▼

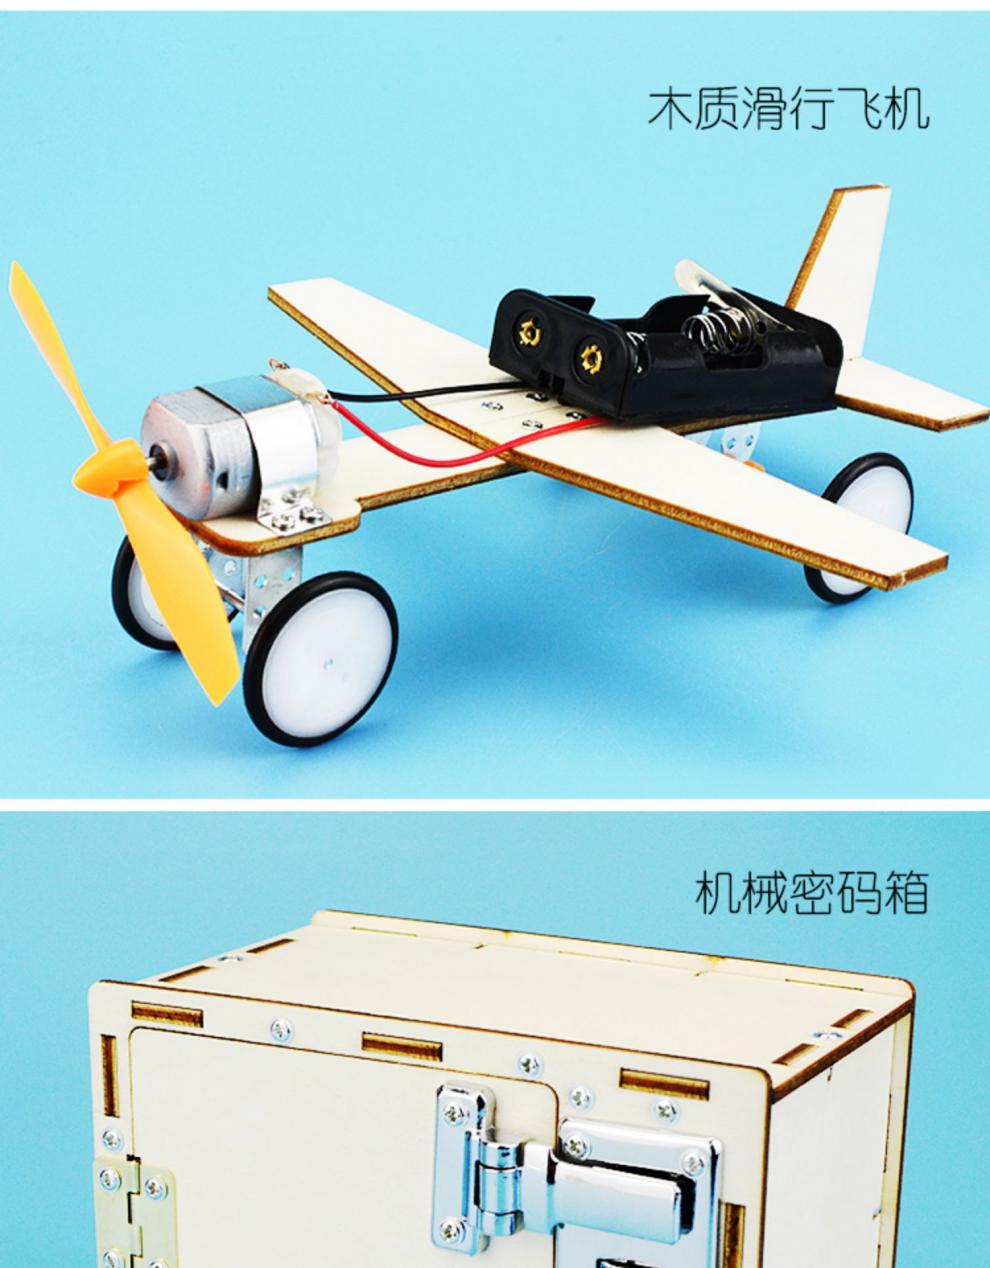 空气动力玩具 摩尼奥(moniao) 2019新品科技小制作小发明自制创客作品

▲
▼

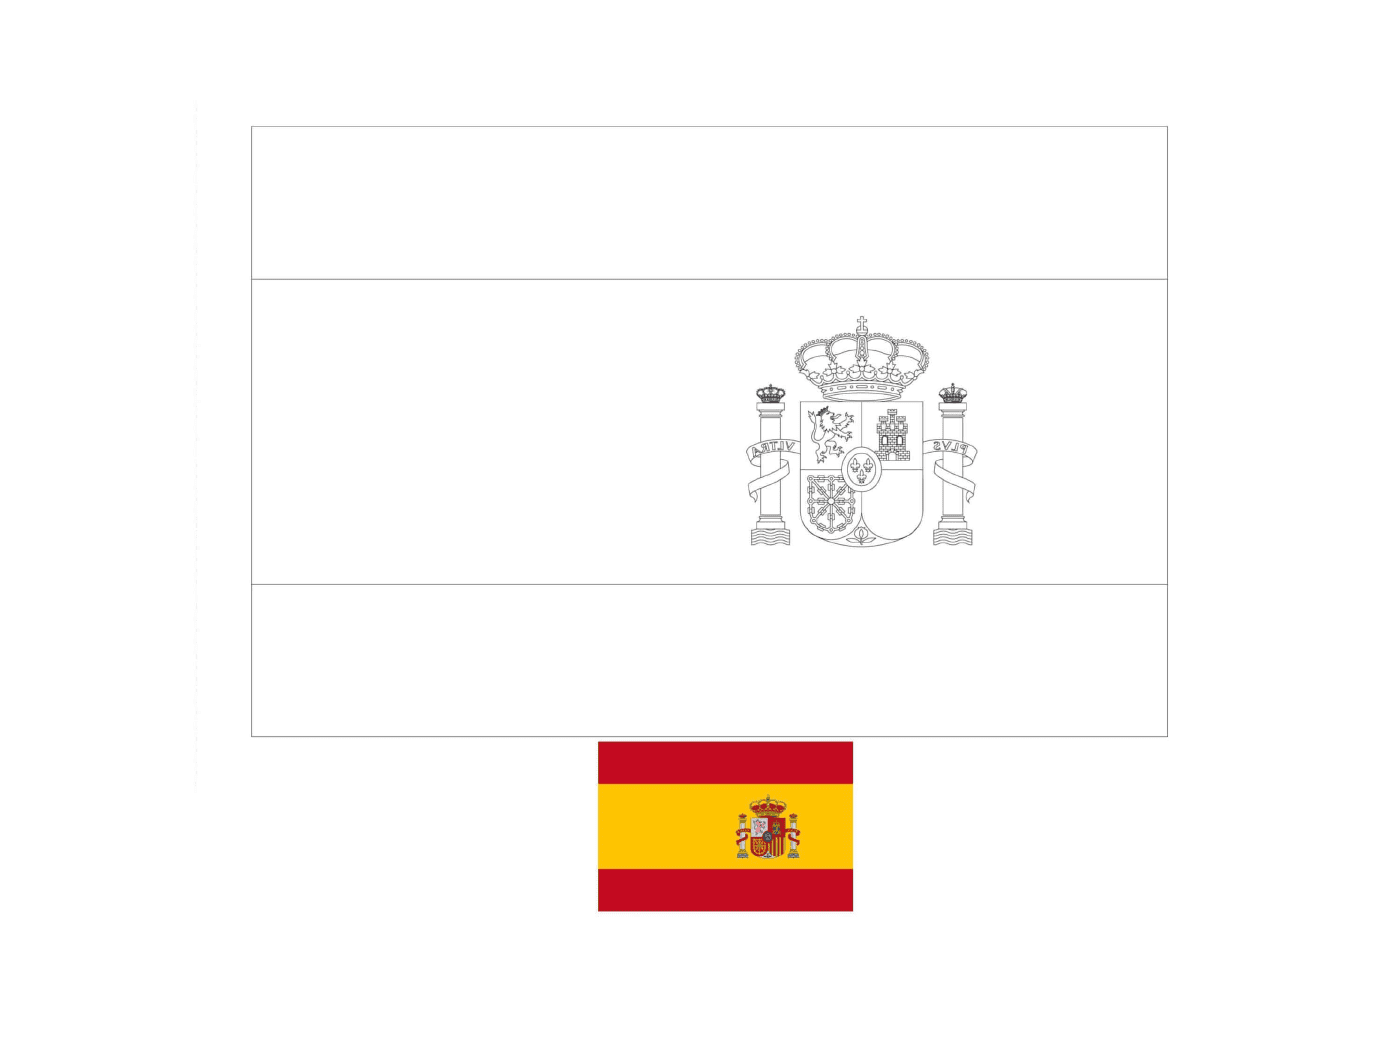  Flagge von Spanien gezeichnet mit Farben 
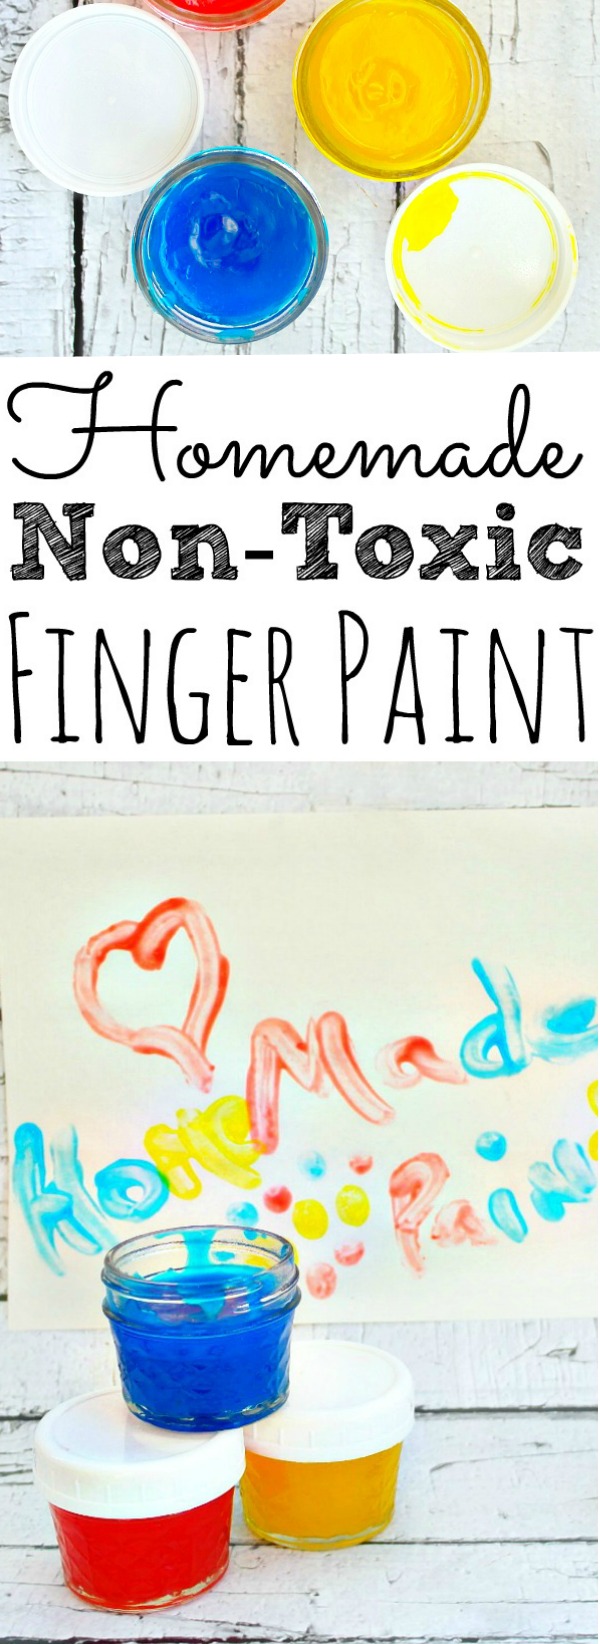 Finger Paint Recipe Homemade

▲
▼

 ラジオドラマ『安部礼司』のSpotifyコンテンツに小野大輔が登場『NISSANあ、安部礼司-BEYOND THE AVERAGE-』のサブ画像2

▲

*Instructions for the task*. Using the data above, which lines fall from the one with "Flagge von Spanien gezeichnet mit Farben" through the one with "Finger Paint Recipe Homemade"? Repeat them exactly, ends included, minus any pictures.

*Written reply*.
  Flagge von Spanien gezeichnet mit Farben 
 Finger Paint Recipe Homemade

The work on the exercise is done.